[Data records]

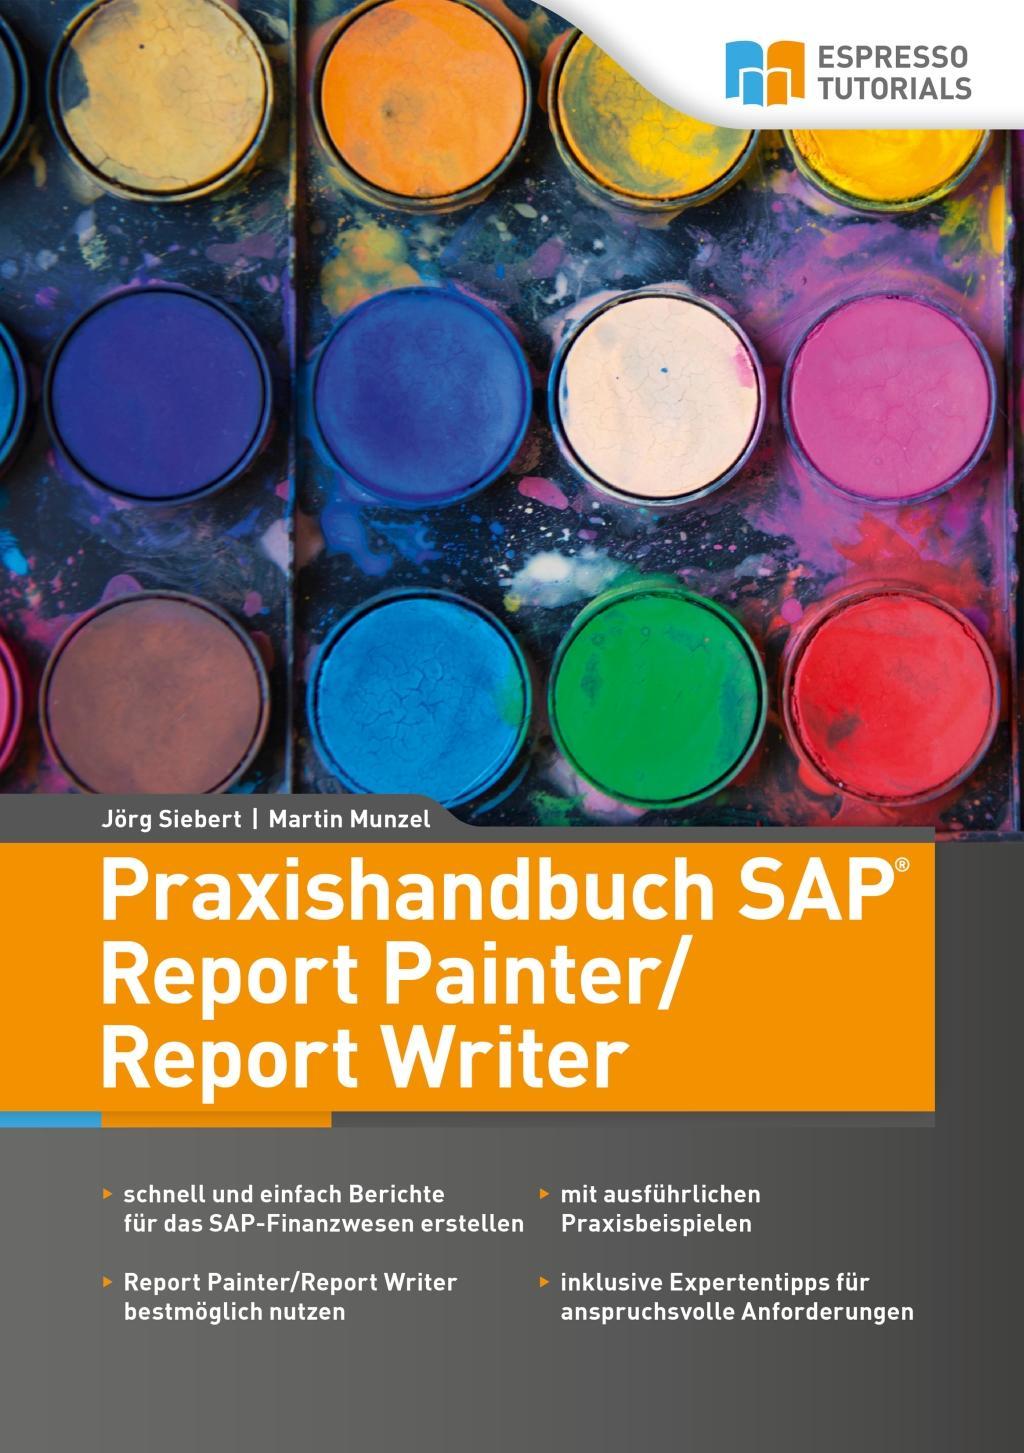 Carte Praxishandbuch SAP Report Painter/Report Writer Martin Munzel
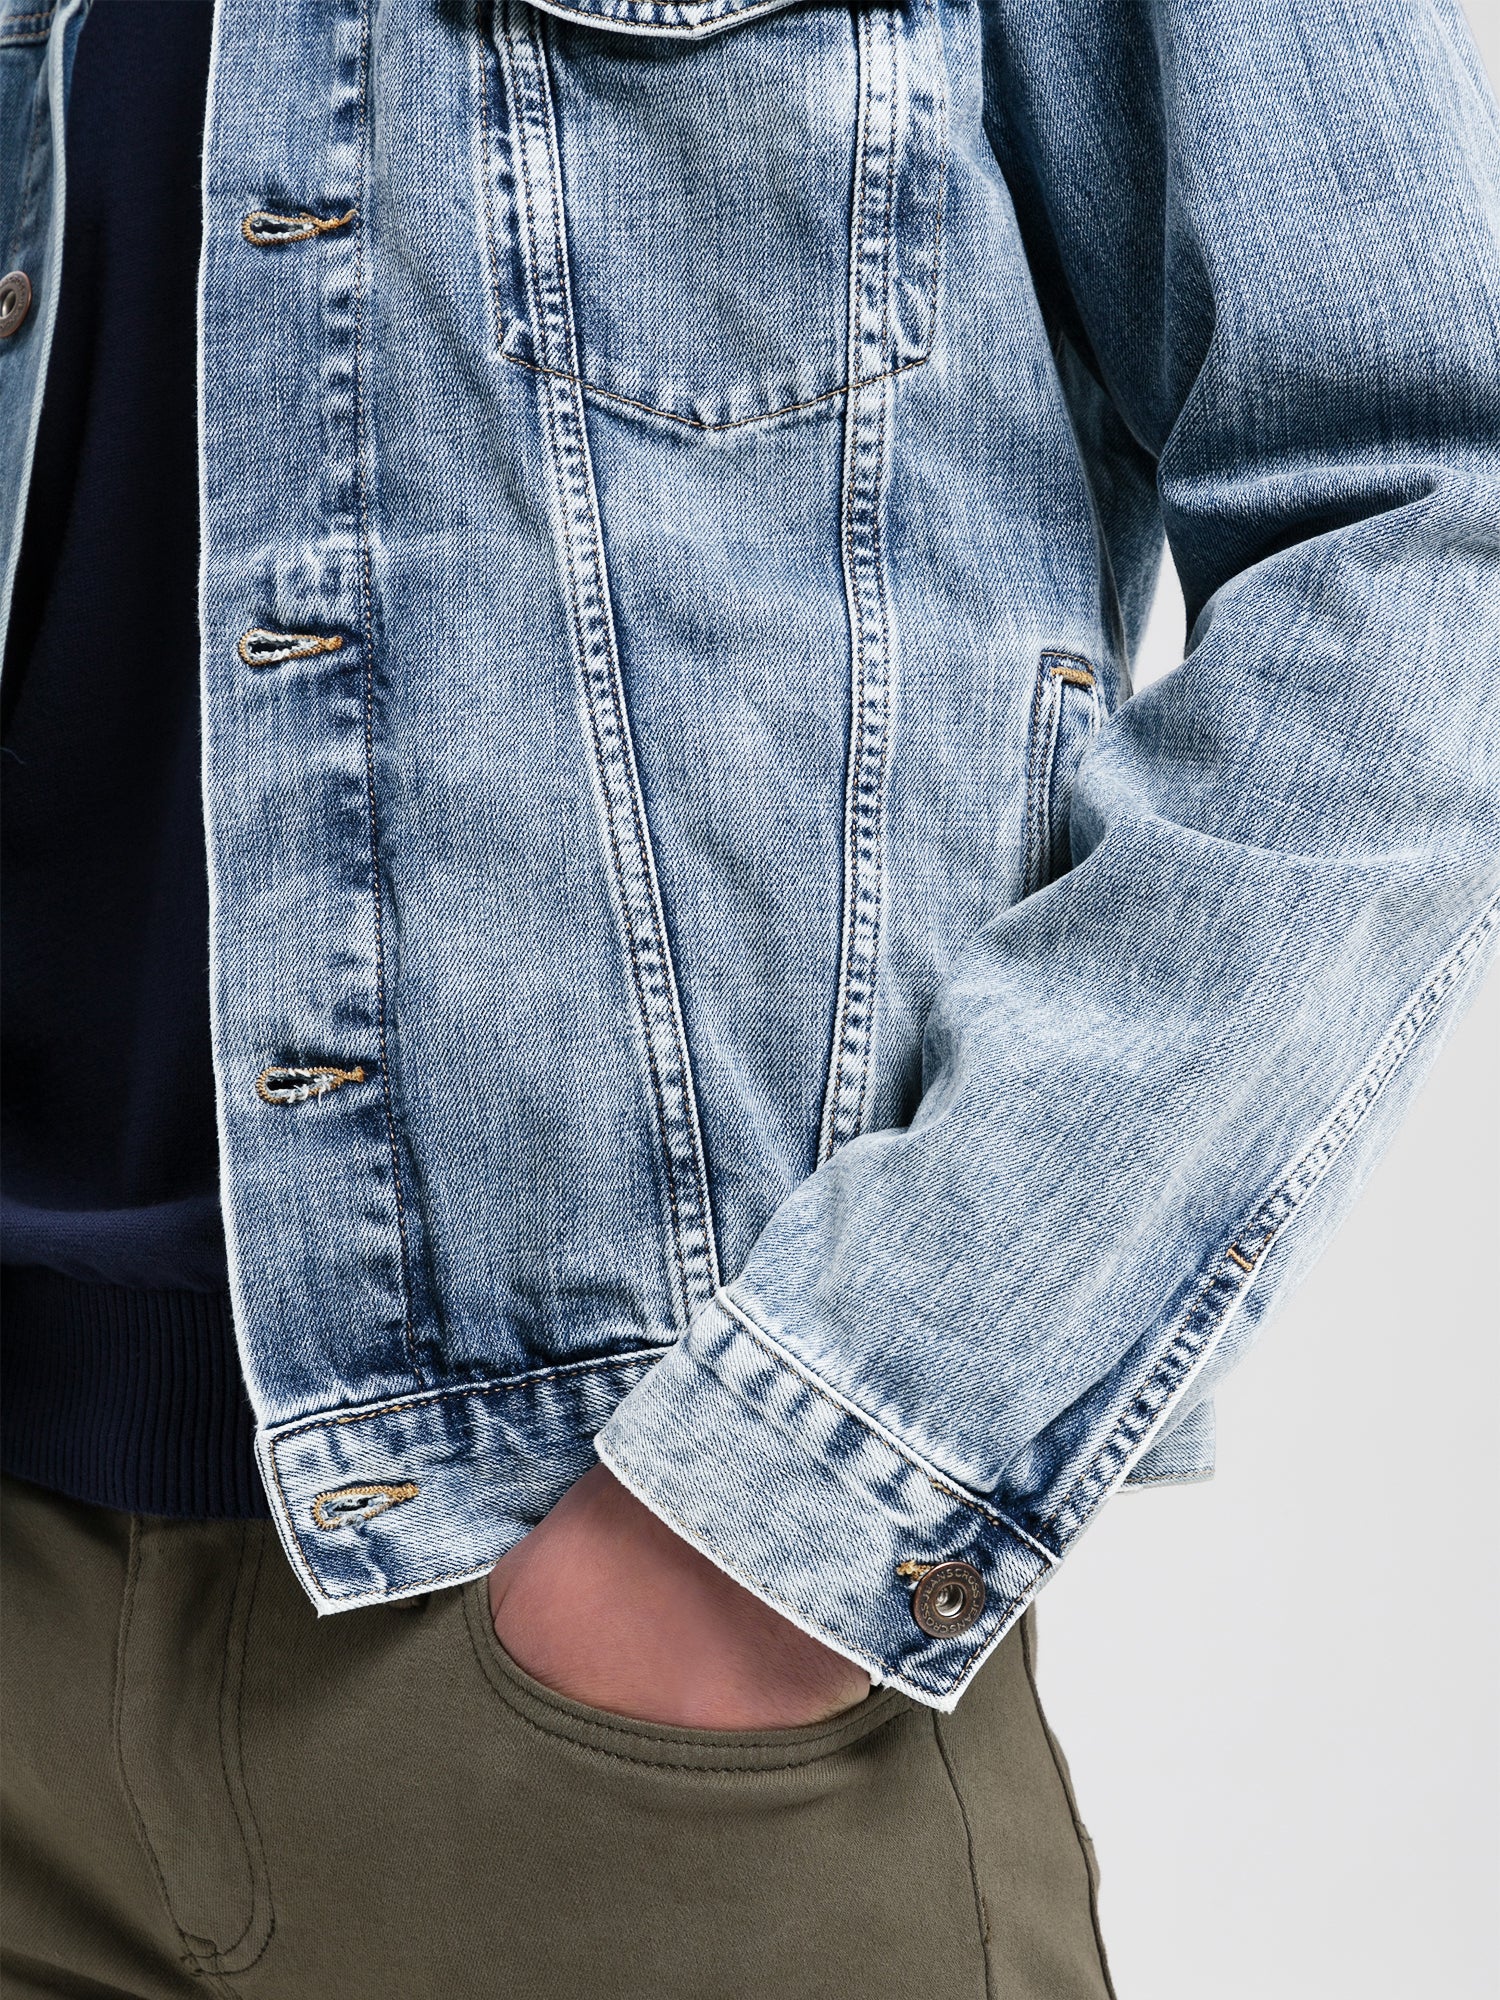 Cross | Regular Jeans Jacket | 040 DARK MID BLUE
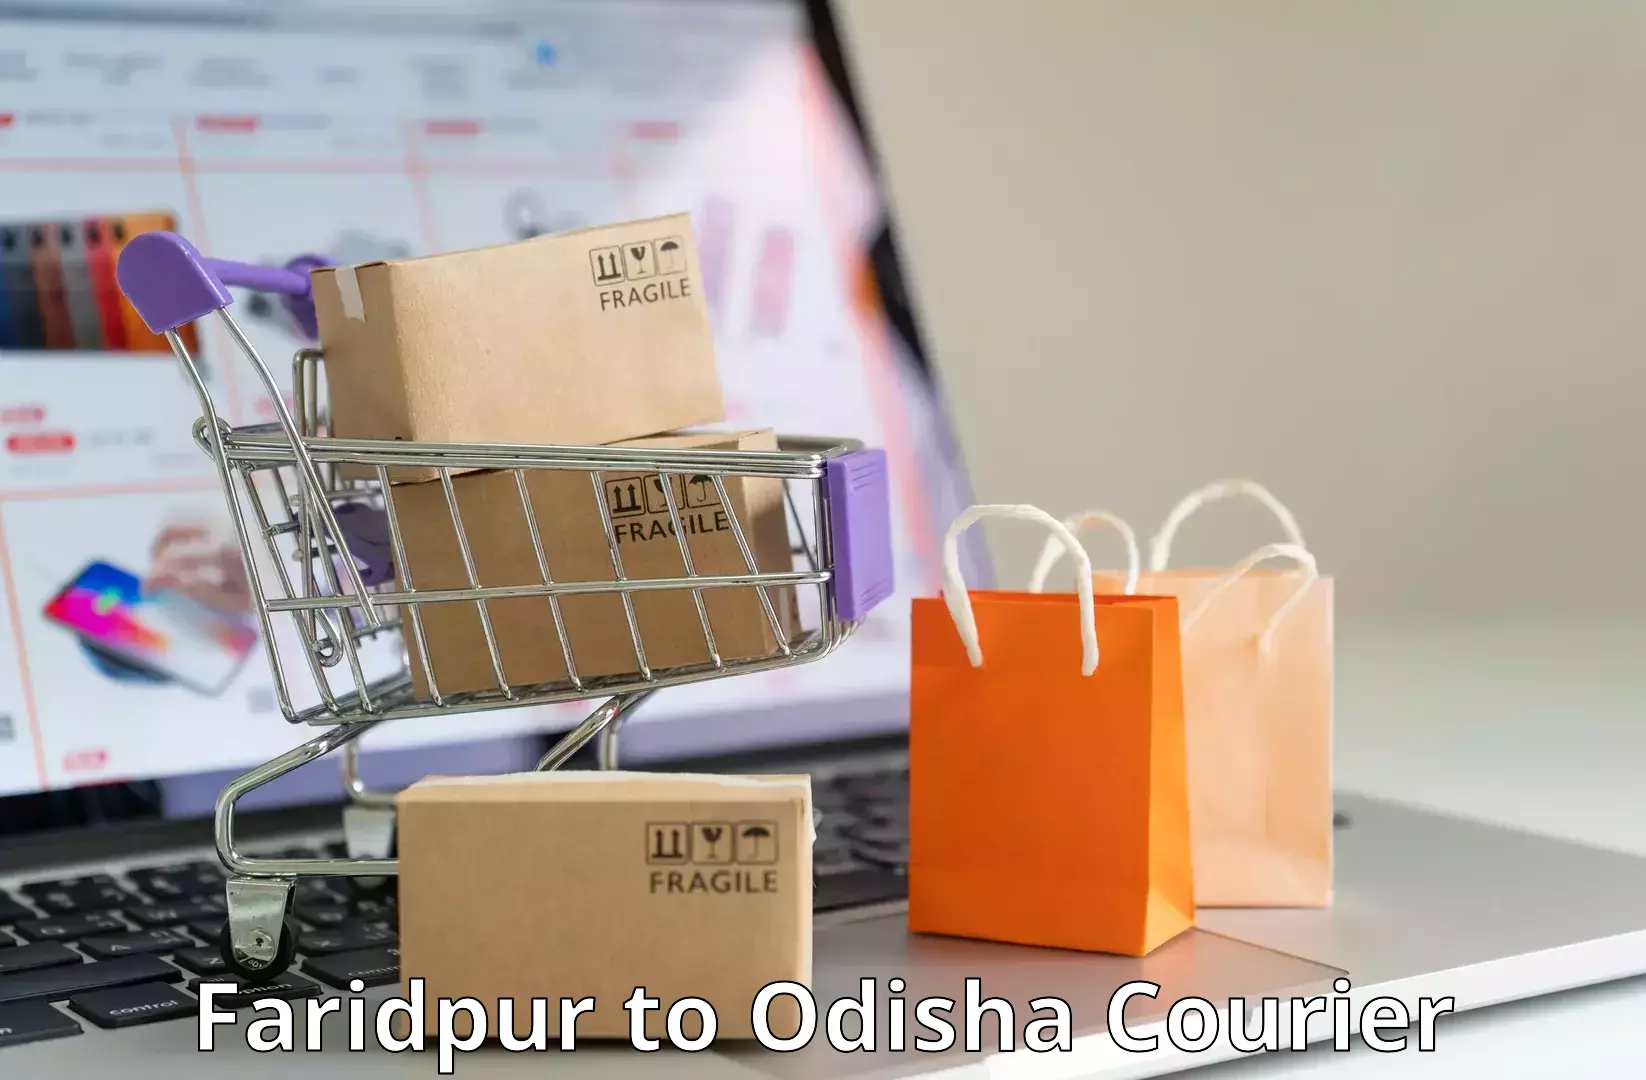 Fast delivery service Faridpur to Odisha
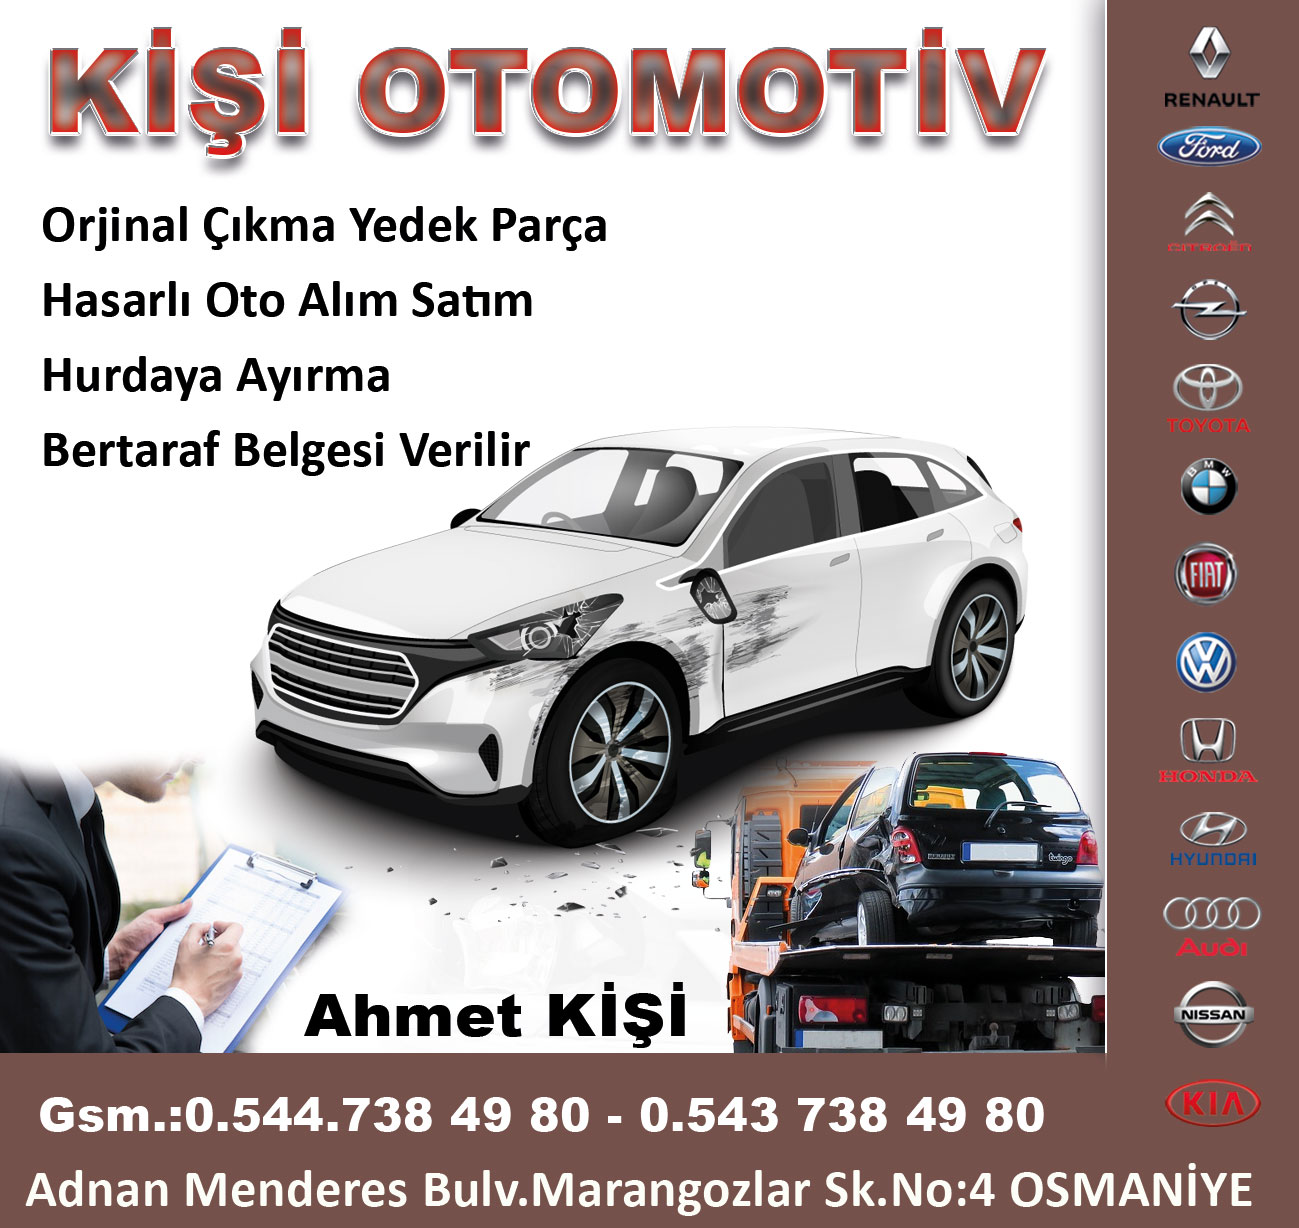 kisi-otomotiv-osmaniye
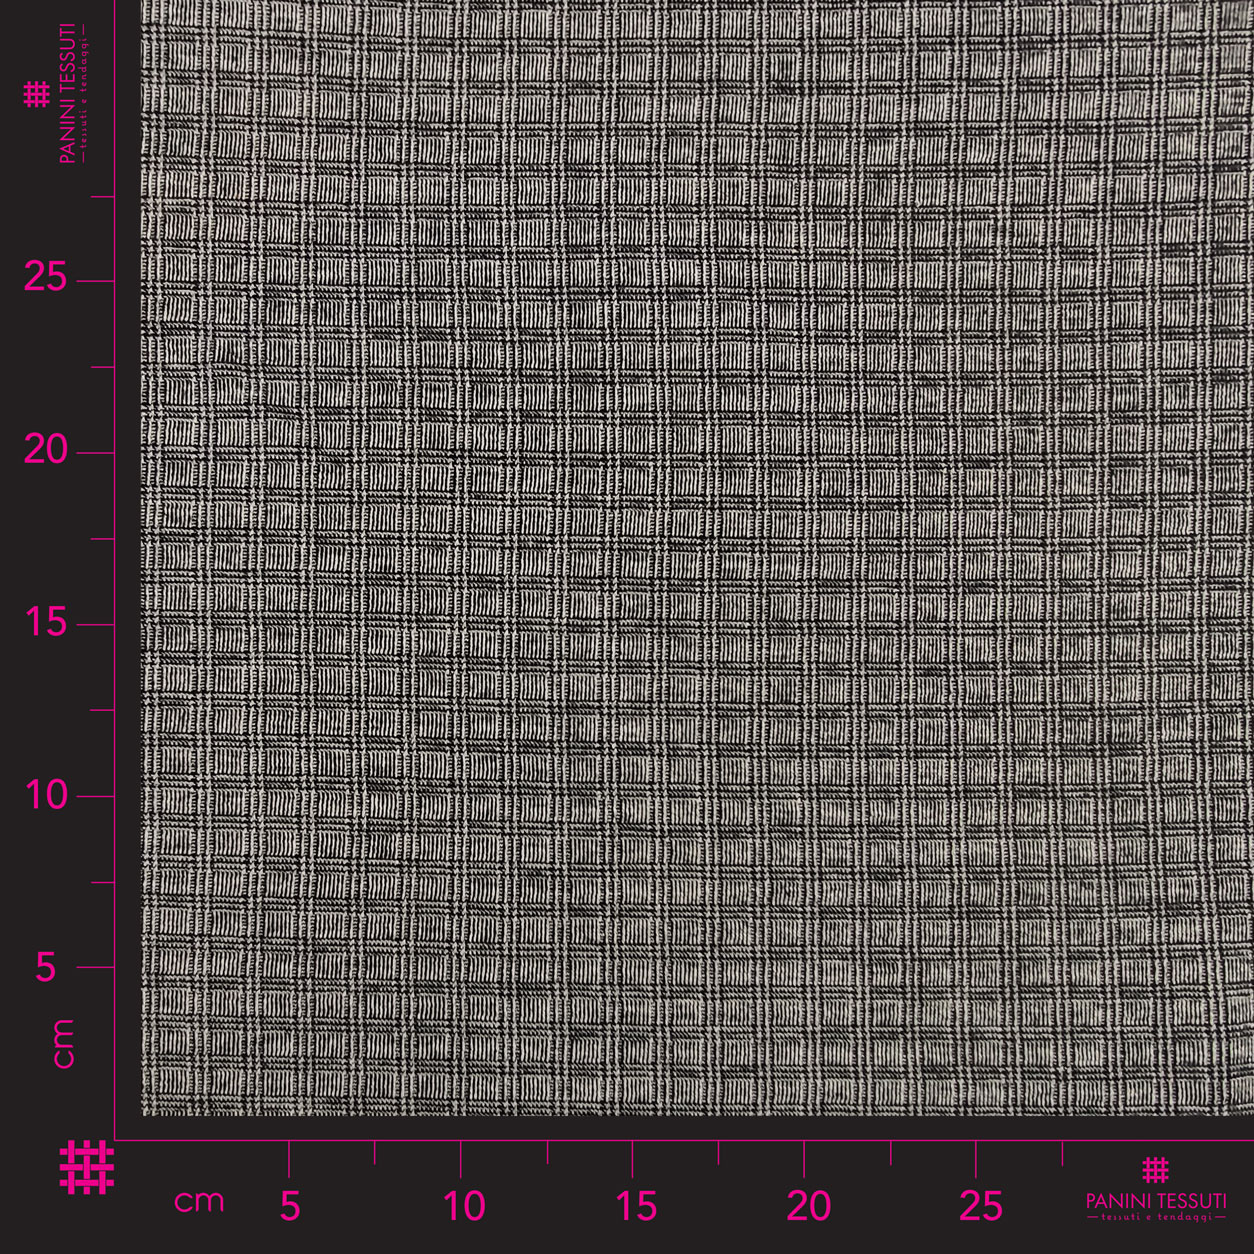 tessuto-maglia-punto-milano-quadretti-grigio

What you should do → Once the pictures are removed, return the entries exactly as they stand.

Result of the task →
 Carte Praxishandbuch SAP Report Painter/Report Writer Martin Munzel
 Cross | Regular Jeans Jacket | 040 DARK MID BLUE
 Fast delivery service Faridpur to Odisha
 kisi-otomotiv-osmaniye
 tessuto-maglia-punto-milano-quadretti-grigio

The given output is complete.